I became insane with long intervals of horrible sanity.
Edgar Allen Poe

The trouble with fighting for human freedom is that one spends most of one's time defending scoundrels. For it is against scoundrels that oppressive laws are first aimed, and oppression must be stopped at the beginning if it is to be stopped at all.
- H. L. Mencken

Many people would sooner die than think; In fact, they do so
-Bertrand Russell

What I have been telling you, from alpha to omega, what is the one great thing the sigil taught me — that everything in life is miraculous. For the sigil taught me that it rests within the power of each of us to awaken at will from a dragging nightmare of life made up of unimportant tasks and tedious useless little habits, to see life as it really is, and to rejoice in its exquisite wonderfulness. If the sigil were proved to be the top of a tomato-can, it would not alter that big fact, nor my fixed faith. No Harrowby, the common names we call things by do not matter — except to show how very dull we are ...
-James Branch Cabell

June 03, 2017 - 11:40 a.m.

TERREstrial Singing

It's 10:21 in the morning and someone in the neighborhood has music blasting so loud that it sounds like I'm at an outdoor concert. That is not normal for City Island.

I did a lot of traveling yesterday which means I did a lot of thinking and had many ideas to write about. I didn't write them down so I don't know how many I remember. I also don't know if I want to share them. Some are about scary politics and some are about the scary space inside my head. I'm going to write about my day and we'll see how I feel after that.

It's Friday in May or June so I have a routine; Therapy up in Harrison and the Sunset Singing Circle at Robert Wagner Park at the Southern tip of Manhattan. The therapy and singing were great, the transportation was a challenge. The bus City Island leaves every half hour during the middle of the day. I made it to the bus stop a few minutes before the bus was due and there were people waiting so I knew I didn't miss it. The bus times website said the bus was two minutes away. Then it switched to it was at the terminal and waiting to leave. The terminal is three minutes away so it's not much of a difference. Then the bus just sat there; it never came. My guess is that it broke down. Making lemonade out of the lemons I had a very nice conversation with a grandmother, her daughter, and grandchildren at the stop. The daughter and grandchildren live in South Carolina and this was the kids' first visit to New York. They were going to the Statue of Liberty.
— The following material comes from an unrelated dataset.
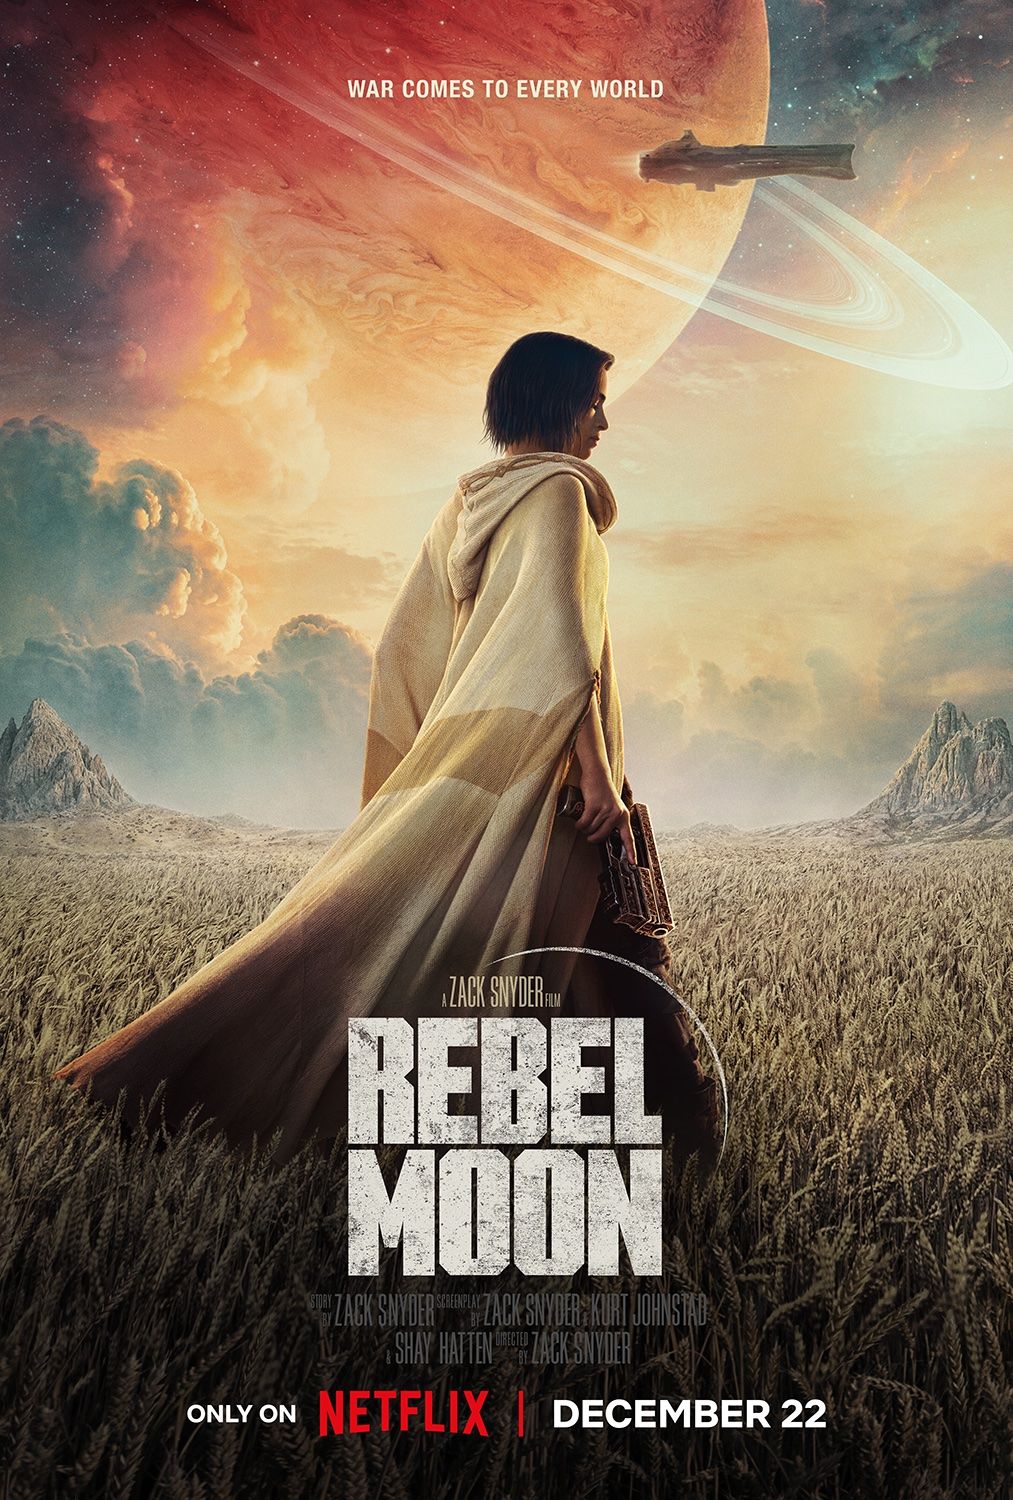 Rebel Moon' Trailer Reveals Zack Snyder's Take on Space Operas & Lightsabers

Even though I left a half an hour late I could still make my therapy appointment on time. I have a lot of down time in my commute. I had to take a train that left a half hour later and that one doesn't connect with the Westchester bus that runs only once a half an hour. In nice weather, I walk it but as I took the later train I'd have to walk very fast to make it on time and wouldn't have time to stop at the pharmacy first. I broke down and took a cab. That got me to the hospital with enough time to put in the order for my meds.

My therapist enjoys talking to me too much. Last week we talked about Buffy the Vampire Slayer, this week we talked about Martin Gardner. He was a family friend when she was a kid. She knew I'd get excited about that. He is one of my heroes.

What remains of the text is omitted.